Two surgeons who were involved in the original Infuse trial defended their findings in statements, saying that not enough men had experienced sterility-related complications in their study to statistically link the problem to Infuse. The surgeons, Dr. J. Kenneth Burkus and Dr. Thomas A. Zdeblick, noted the complication in a medical journal article published soon after Infuse was approved by the Food and Drug Administration in 2002, but they divided those patients by the surgical technique used, not by whether or not the men had received Infuse.

In his Web article, Dr. Carragee questioned why the researchers had not broken out the patients in their study between those who had received Infuse and those who had not, a method that he said was a standard way to present clinical trial results.

In an e-mail, Dr. Zdeblick said Dr. Carragee’s study was of limited value because it reflected the results of a retrospective look at patients rather than a clinical trial. Such reports “are notorious for being misleading,” he wrote.

The new study is likely to intensify a debate over whether industry-financed researchers present study findings in ways that favor the interests of corporate sponsors. Dr. Burkus, who practices in Columbus, Ga., and Dr. Zdeblick, a professor at the University of Wisconsin, have each received millions of dollars from Medtronic in consulting fees or royalty payments.

Both men have adamantly insisted that those financial relationships have not affected their scientific judgment.

Nevertheless, in a commentary accompanying the new study, Dr. James D. Kang of the University of Pittsburgh wrote that industry support was one way to explain the different conclusions reached by Dr. Carragee and the Medtronic-sponsored researchers.

“There does not seem to be any rational explanation for these observational differences,” Dr. Kang wrote.

Dr. Dan M. Spengler, a professor and former chairman of orthopedic surgery at Vanderbilt University, who was not involved with the study, said it added to growing evidence about various risks from Infuse. “It’s just startling to me,” he said.

Marybeth Thorsgaard, a spokeswoman for Medtronic, based in Minneapolis, said the company believed that it had provided the F.D.A. and doctors with all available medical information about Infuse. Analysts have estimated that sales of Infuse reached about $900 million in Medtronic’s most recent fiscal year; overall company sales hit $16 billion during that period.

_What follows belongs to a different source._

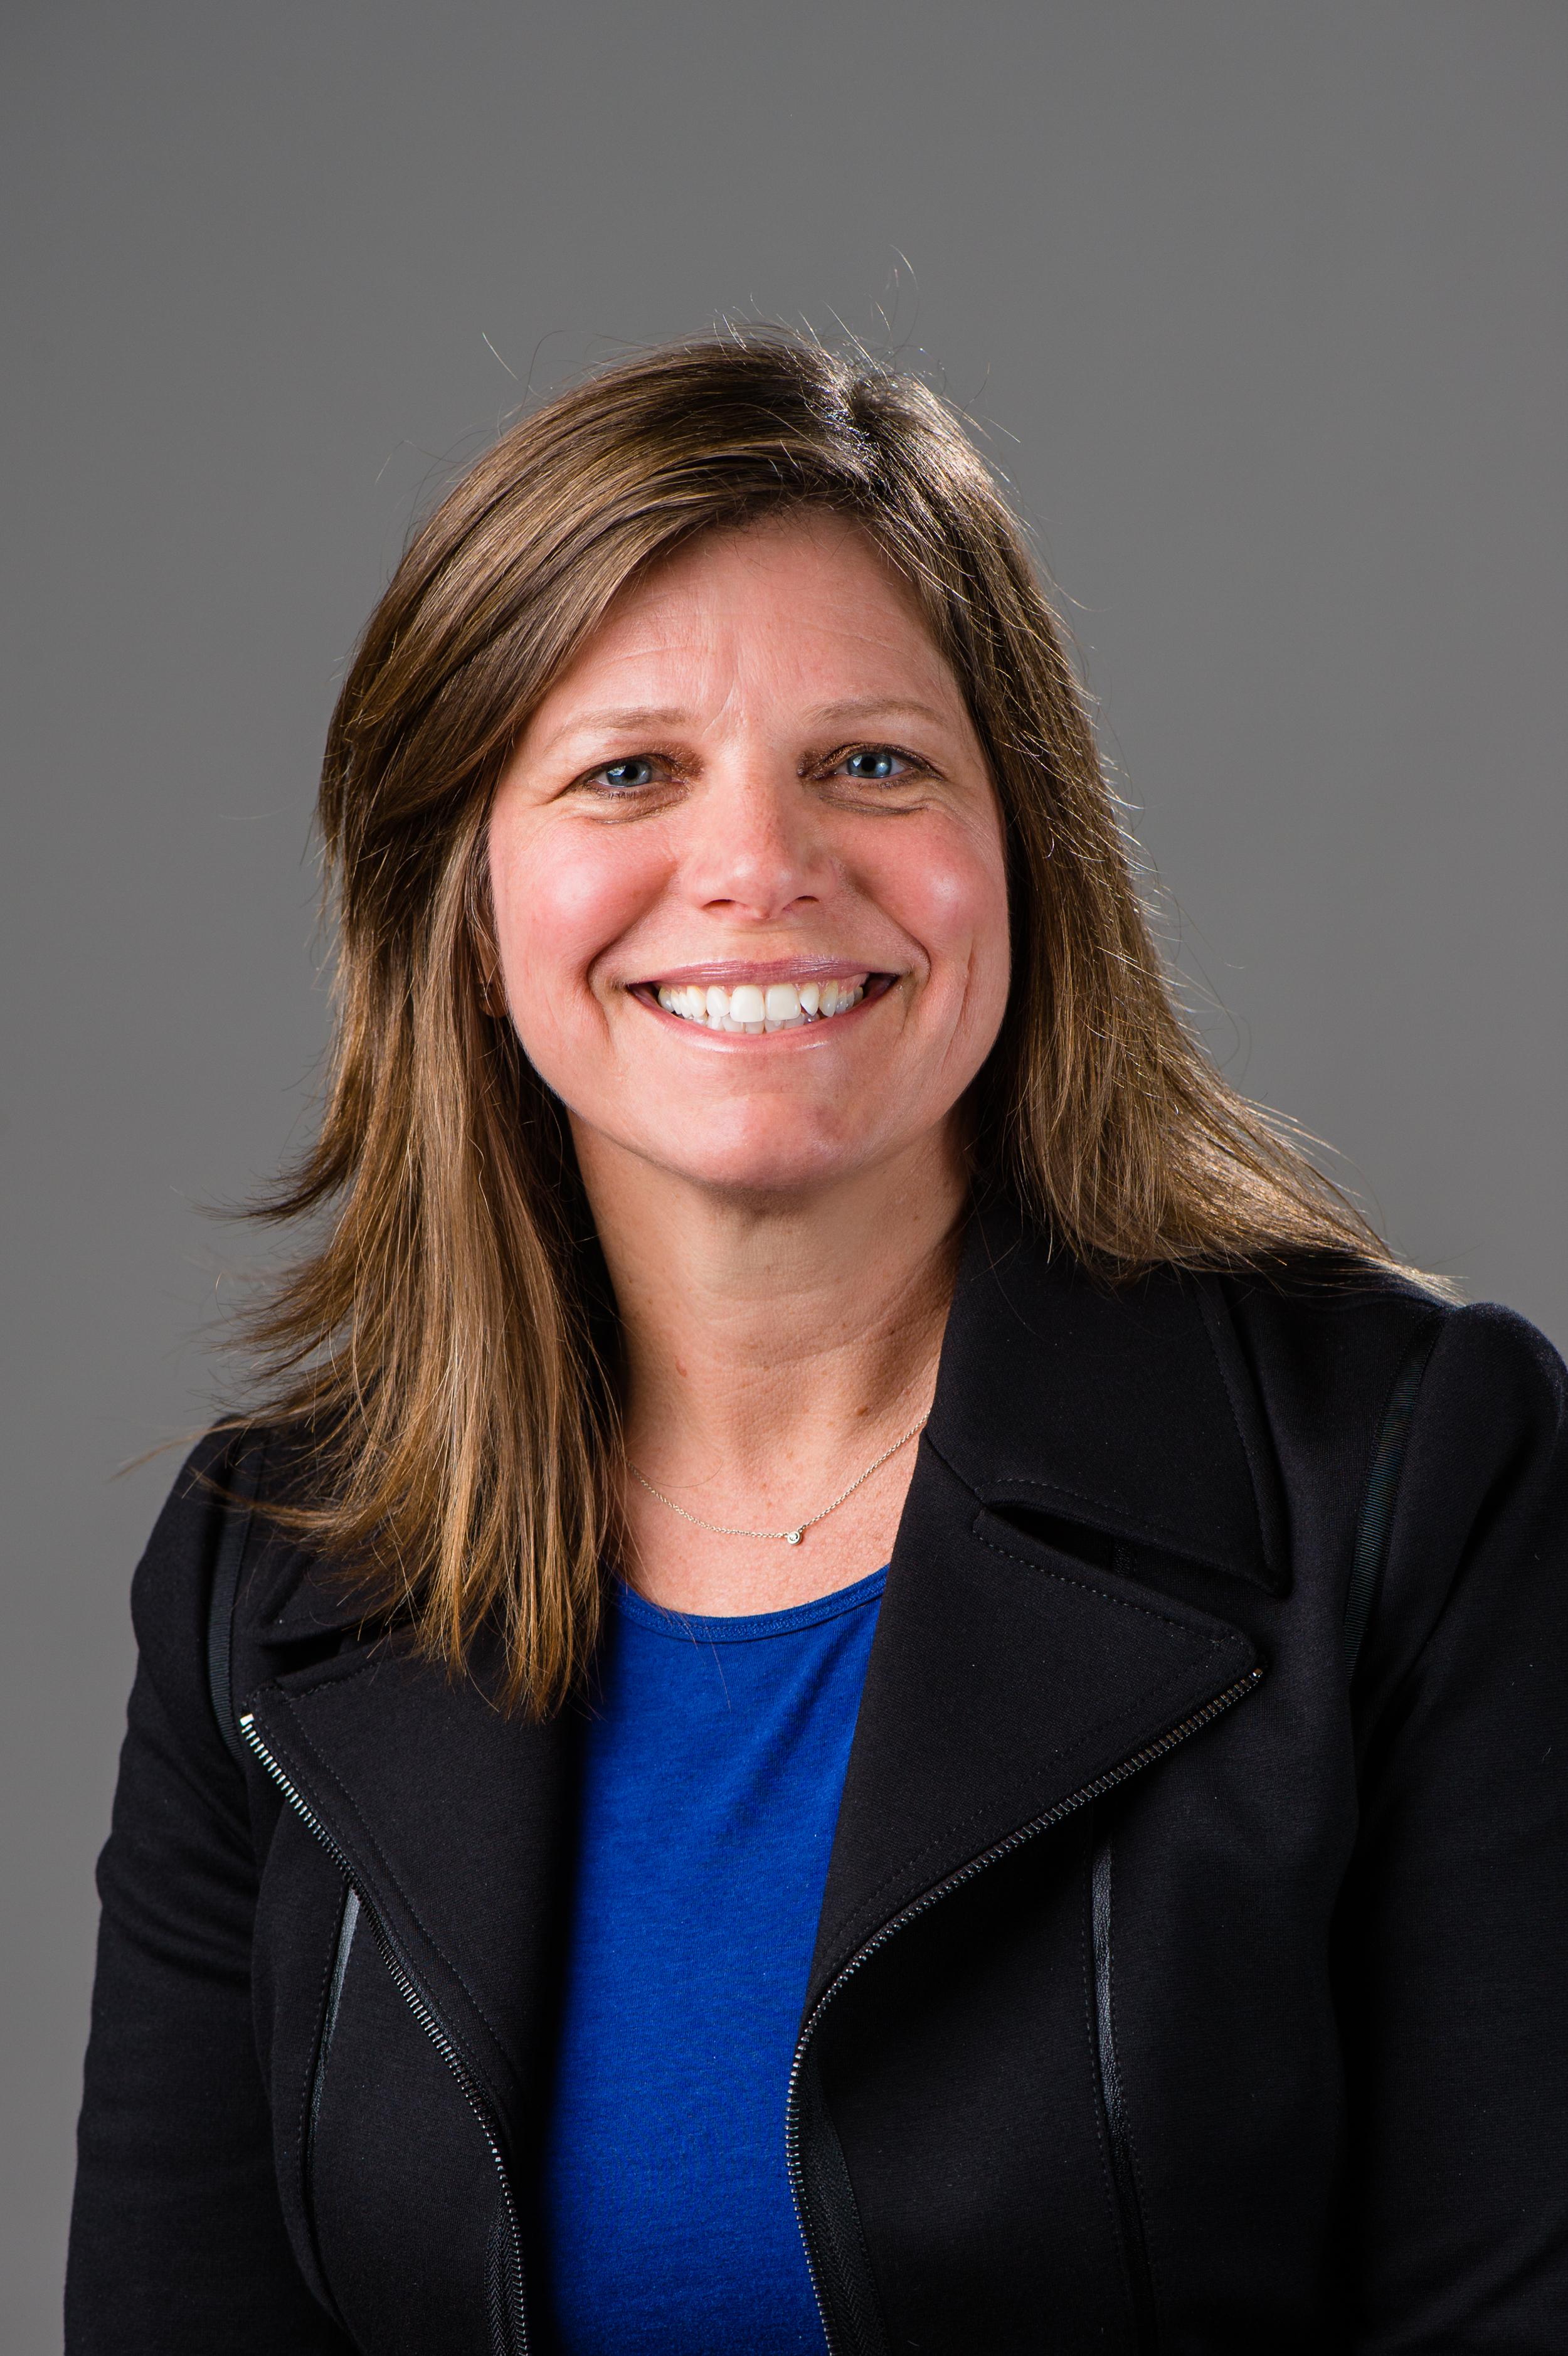 Cheryl Akers.JPG

“You have to consider the totality of the data that has been presented, not how one study was reported,” said Ms. Thorsgaard.

Dr. Carragee’s report is not the first time doctors have challenged how Medtronic-sponsored researchers characterized the risks of Infuse in medical articles.

Since 2006, an orthopedic surgeon in Croatia, Dr. Tomislav Smoljanovic, has written more than 35 letters to medical journals questioning the claims. In their 2002 report, Dr. Burkus and Dr. Zdeblick reported that a major clinical study involving Infuse had found no adverse effects with the product, including the sterility-related complication.

Among other things, Dr. Smoljanovic and colleagues pointed out in letters that the Medtronic-sponsored researchers, while identifying that six men in their study had developed the sterility-related complication, had not identified how many of those men had received Infuse as opposed to a bone graft.

Last year, Dr. Burkus and his colleagues publicly disclosed in response to the Croatian physicians’ letters that five of the six men affected in their study had received Infuse. However, they have insisted that the figure was not statistically significant to link the problem with Infuse.

Dr. Carragee, the Stanford surgeon, said his Infuse study was prompted by a complaint he received from Dr. Smoljanovic about an Infuse-related article in The Spine Journal.

Dr. Carragee said he and his colleagues had posted their study online, ahead of the publication’s print edition, because of the public health implications of the findings. He said that forthcoming edition of The Spine Journal would be dedicated to complications involving bioengineered bone growth products like Infuse.